Your objective
Leave the pictures out, and transcribe the material below exactly from the line with "Sehr Gut Duschkabine" to the line with "Установка буровая шнековая", both lines included.

Given information
==*==

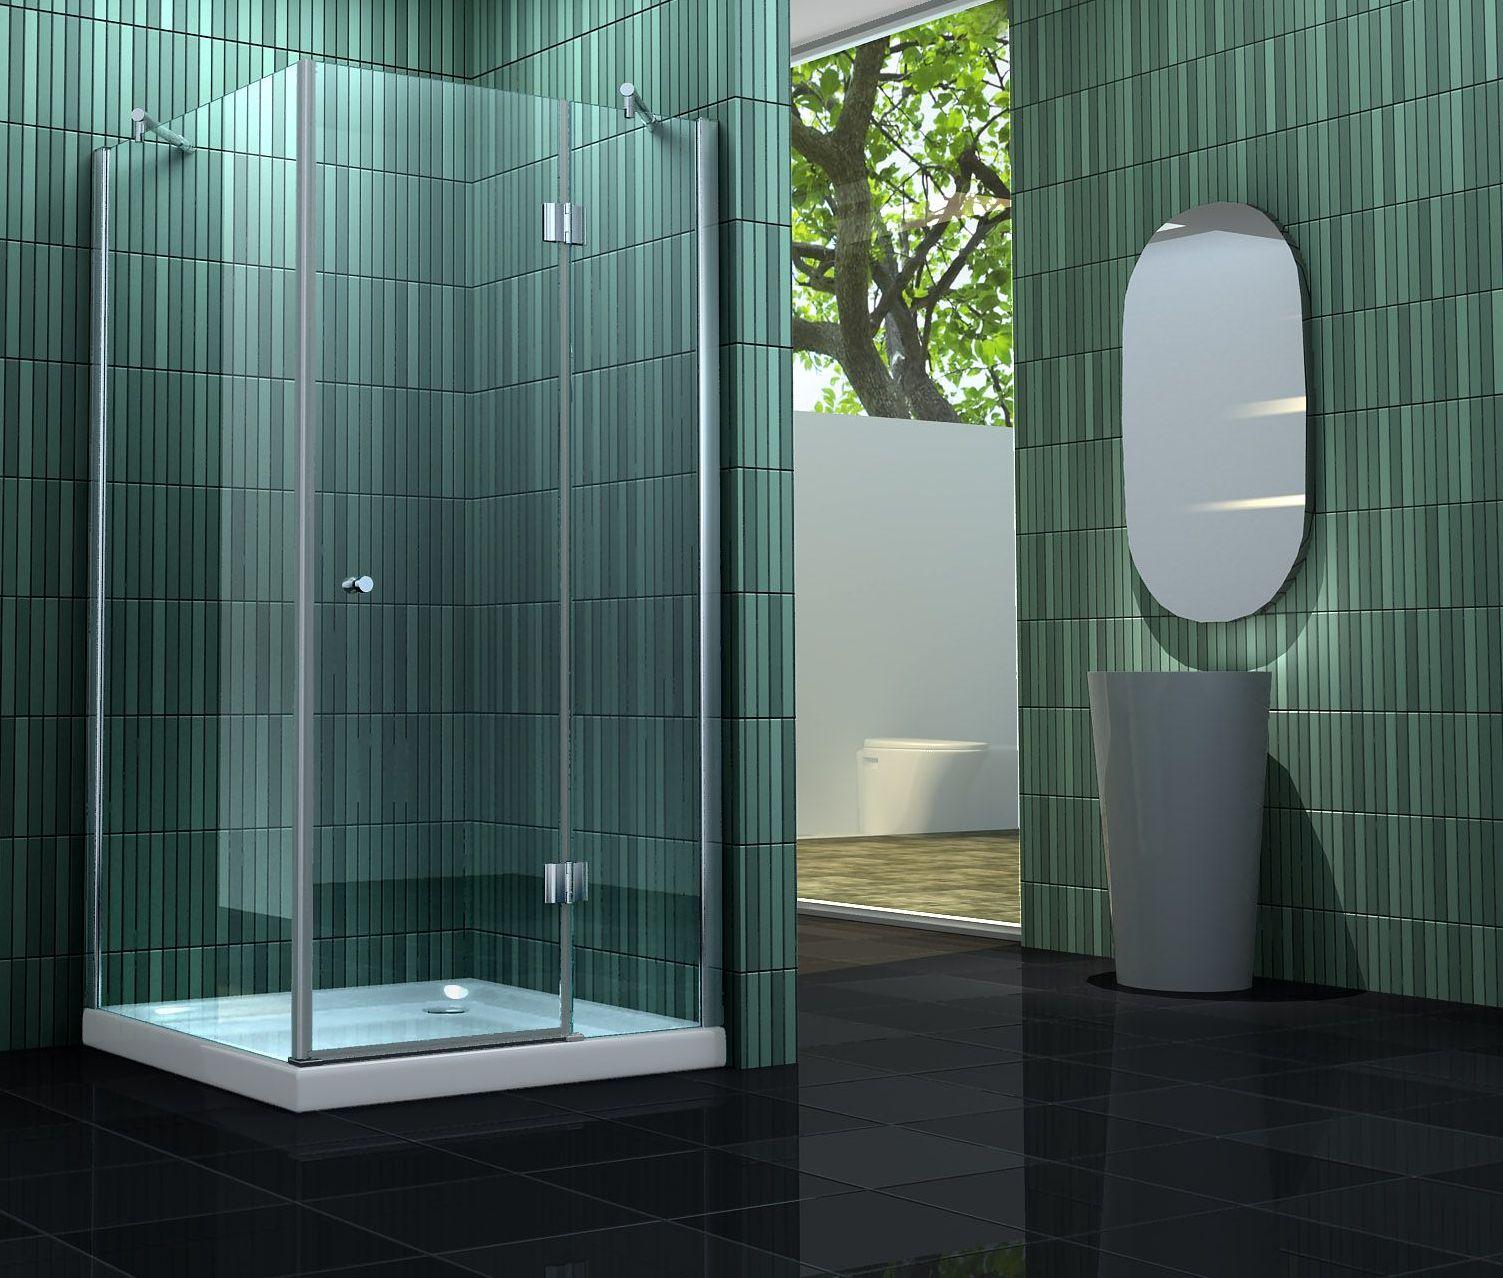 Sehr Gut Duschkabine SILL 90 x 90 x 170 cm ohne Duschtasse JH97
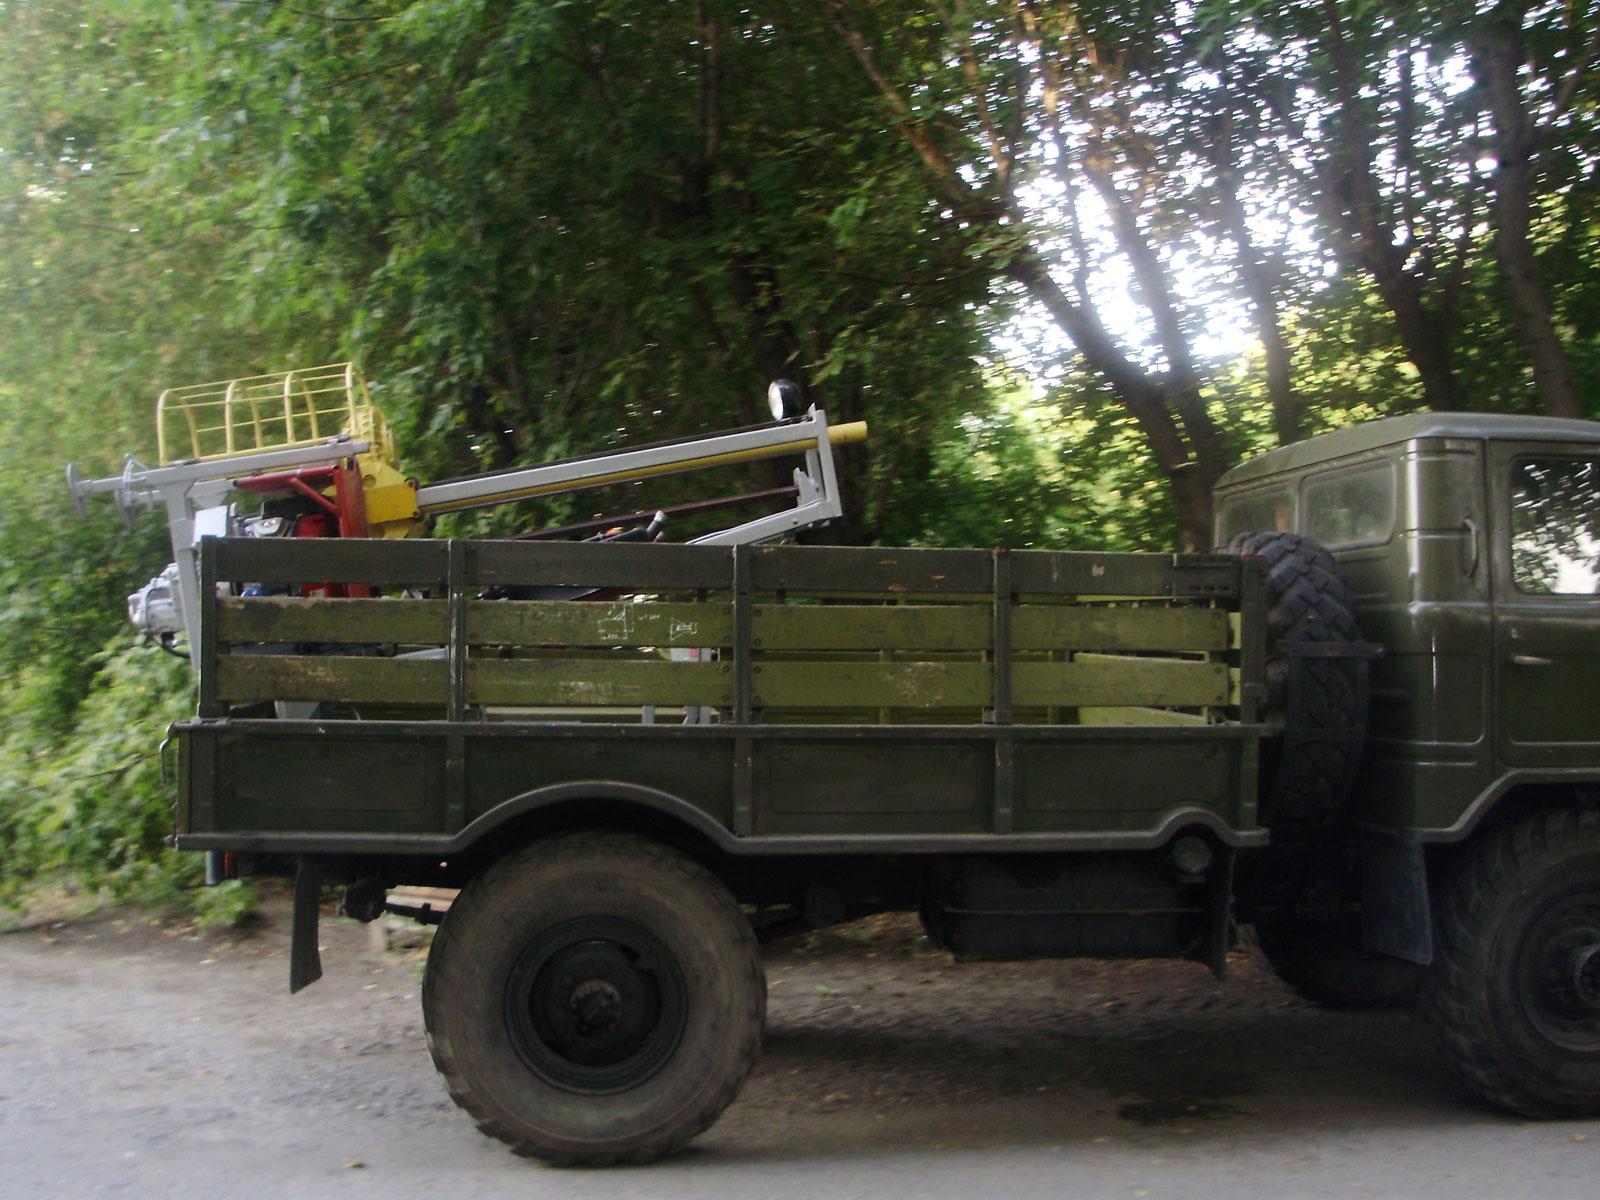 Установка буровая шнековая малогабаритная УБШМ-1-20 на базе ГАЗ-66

==*==

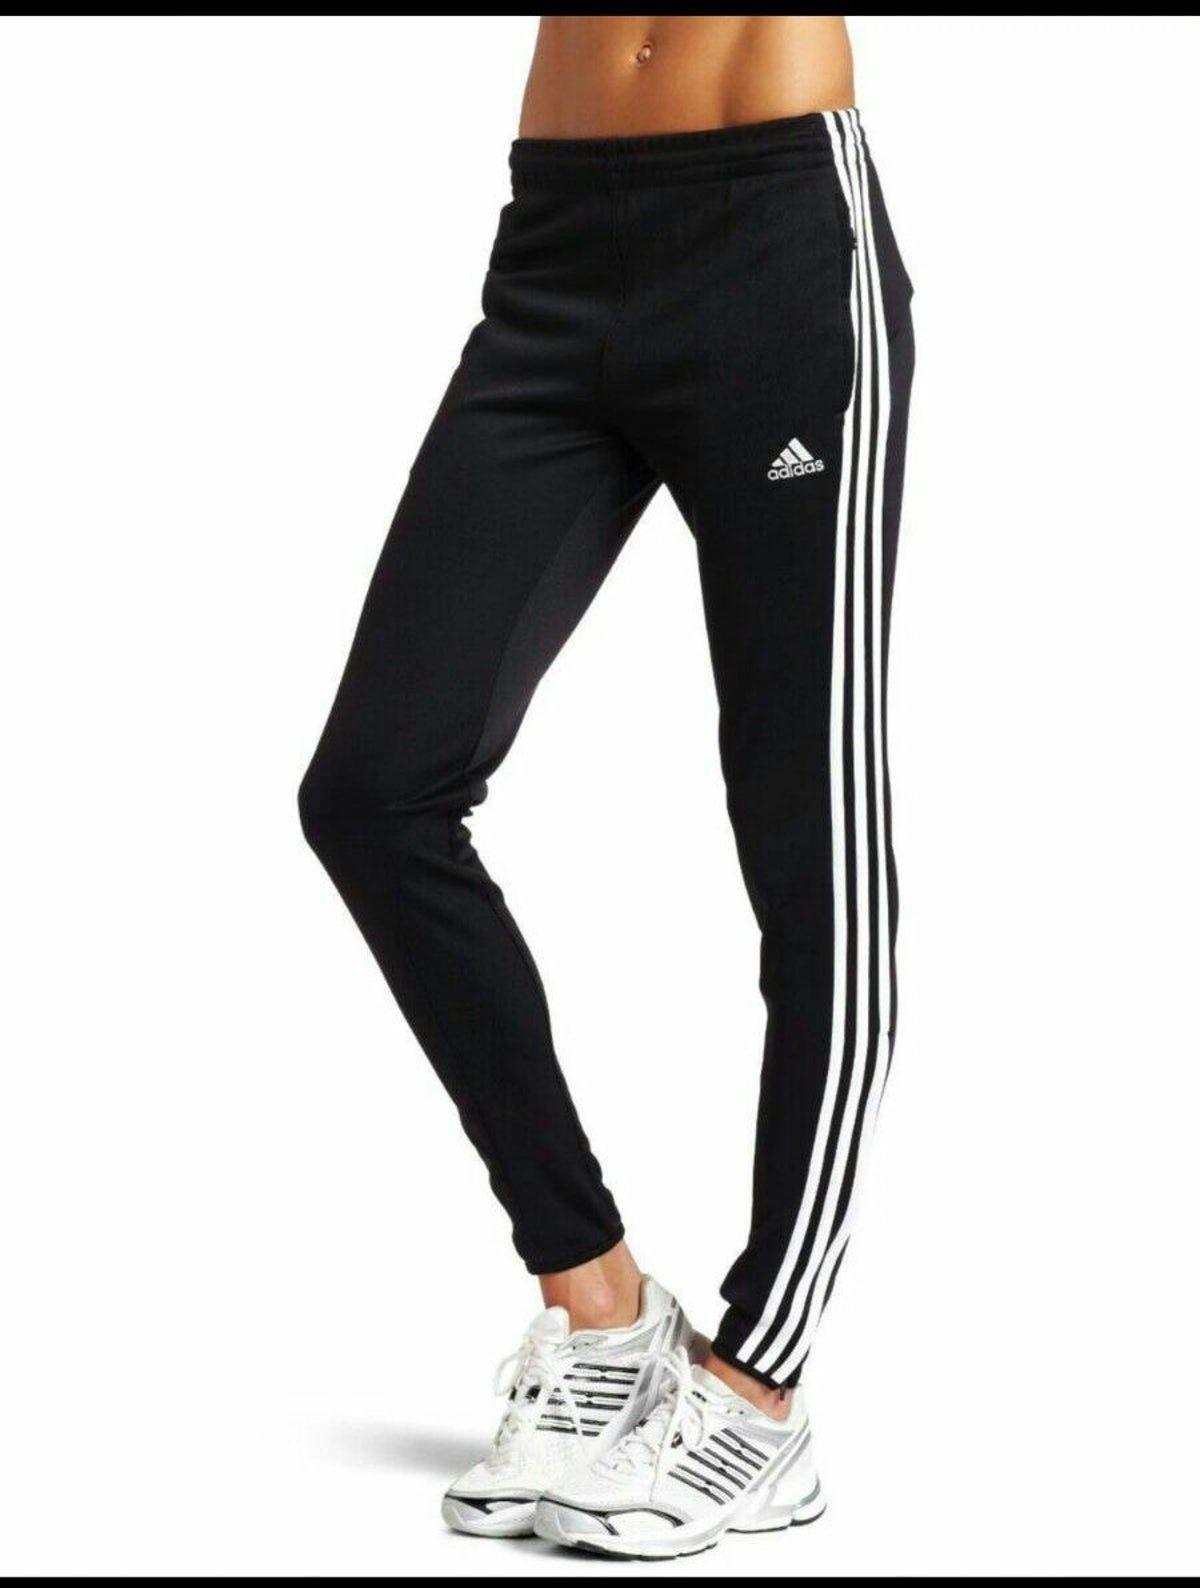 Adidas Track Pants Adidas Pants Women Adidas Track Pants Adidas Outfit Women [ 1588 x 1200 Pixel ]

==*==

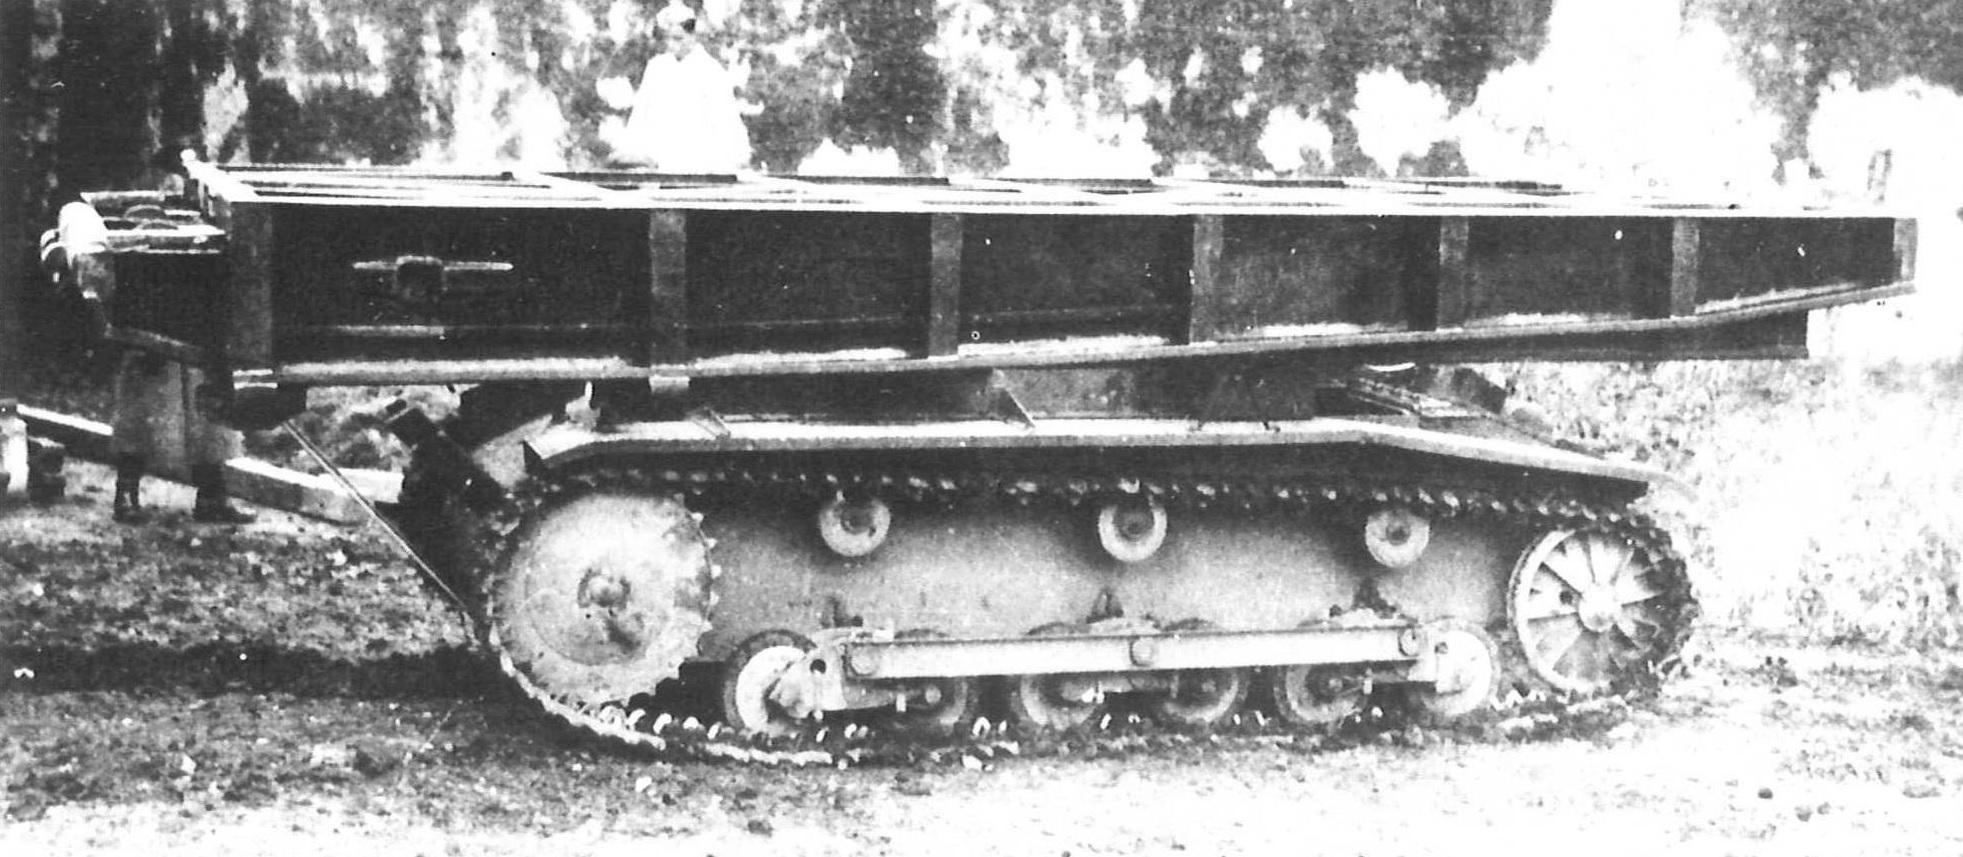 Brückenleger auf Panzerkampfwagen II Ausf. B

==*==

Exercise output
 Sehr Gut Duschkabine SILL 90 x 90 x 170 cm ohne Duschtasse JH97
 Установка буровая шнековая малогабаритная УБШМ-1-20 на базе ГАЗ-66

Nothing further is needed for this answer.